Thursday, April 2, 2026

In Loving Mockery

If I cannot make fun of a dead man, then who, exactly, is left for me to mock?
If ridicule is reserved only for the living, for the warm and oxygenated, then what are we to do with those who once laughed, once sulked, once slammed cabinet doors, cried in on the shower floor, and said ridiculous things in the kitchen at 8:14 p.m.?
What special immunity does death confer, that life did not?

Perhaps you worry he will haunt me for it.
I can only hope.

There are days I think I would welcome a haunting—some small, petulant disturbance in the night, some evidence that he is still, in some infuriating way, available to me. A door shifting on its hinge. A lamp flickering. The sudden feeling of being watched while I say, to an empty room, You always were a drama queen.

If I am honest, there are moments I miss him in precisely this register.
Not in the grand, cinematic ways grief is supposed to announce itself, but in the stupid, ordinary way of missing his annoying habits, his predictable indignations, the particular shape his face took when he was offended by something that was, almost always, true.
I miss making fun of him to his face.
I miss making fun of him behind his back.
I miss the way he would pretend not to enjoy the attention of being known that well.

And if your objection is that the dead cannot defend themselves, I would gently remind you that he was never especially gifted at defense in the first place.
Besides, what is haunting if not rebuttal?
What is a ghost, if not someone still refusing to let the conversation end?

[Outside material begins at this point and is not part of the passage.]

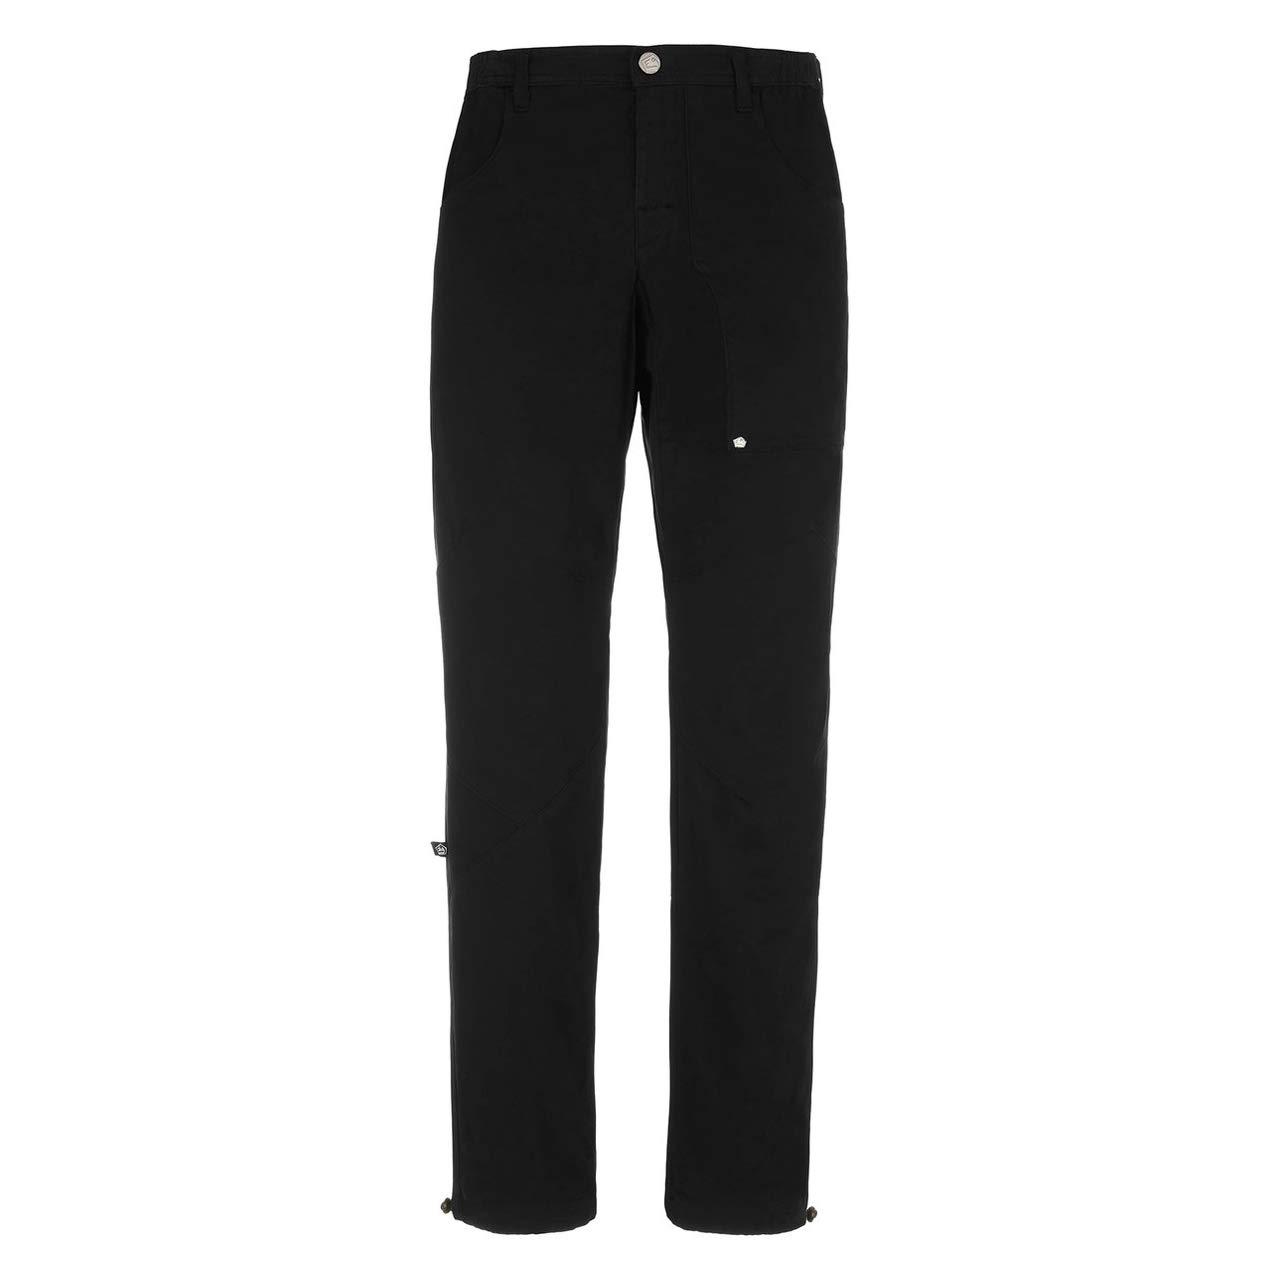 E9 Fuoco Pants Pants Pants Men Musk 2018 Hose B07FM6X235 Hosen Beliebte Empfehlung 6a6e59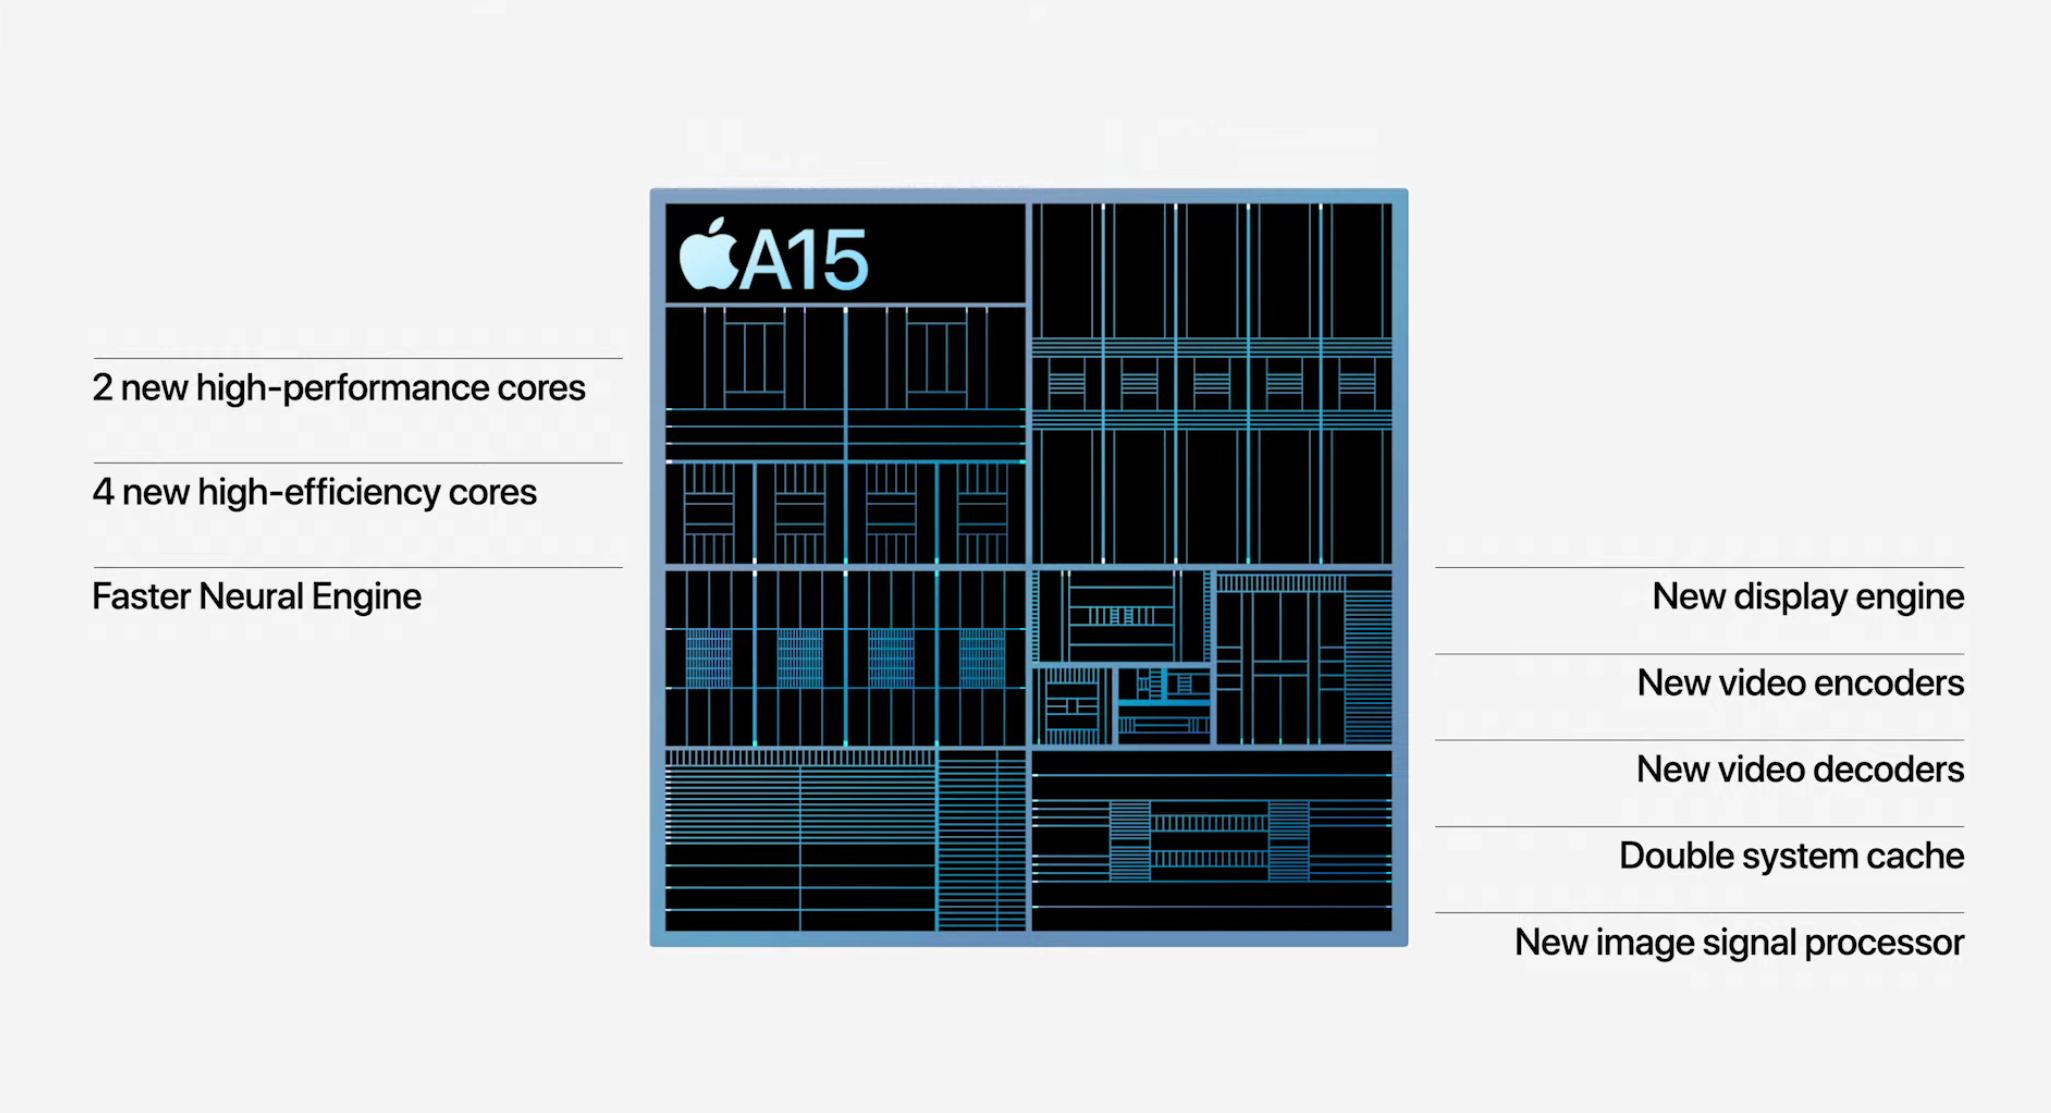 苹果发布会三大亮点:5纳米A15芯片、120Hz屏幕刷新率、片子级摄像头  刷新率 ipad 苹果发布会 数码 苹果公司 iphone 芯片 苹果 第3张

Because this, too, is how love works.
Not only in tenderness, not only in reverence, but in teasing, in laughter, in the exquisite familiarity of knowing exactly where another person is soft. We learn each other’s weak seams, the little unguarded places beneath the armor, and—if we are lucky, if we are close enough—we press there gently, sometimes not so gently, just to feel the proof of life beneath it.

To love someone is, in part, to know where they are ridiculous.
To love someone well is to know it with and without cruelty.
To be loved well is to be seen in your absurdity and missed anyway.

So why should death make saints of the people who never were?
Why should it sand down all their foolish edges,
bleach them into solemnity,
make them too sacred to laugh at?

If I loved him in life by joking with him, by needling him, by rolling my eyes and laughing at the exact same flaws I once secretly found endearing, then perhaps the truest way to keep loving him now is not silence, but continuation.

Not canonization.
Not polite grief.
Not the false dignity of pretending he was better, smoother, kinder, or less ridiculous than he really was.

No—let me love him as he was.
Annoying. Stupid. Defenseless. Awful. Rude. Selfish. Pouting.
A man I would marry and divorce, and possibly be stupid enough to do it again.

Shouldn’t death, if it means anything at all, at least permit us the mercy of honesty?
And shouldn’t love, if it is real, survive even that?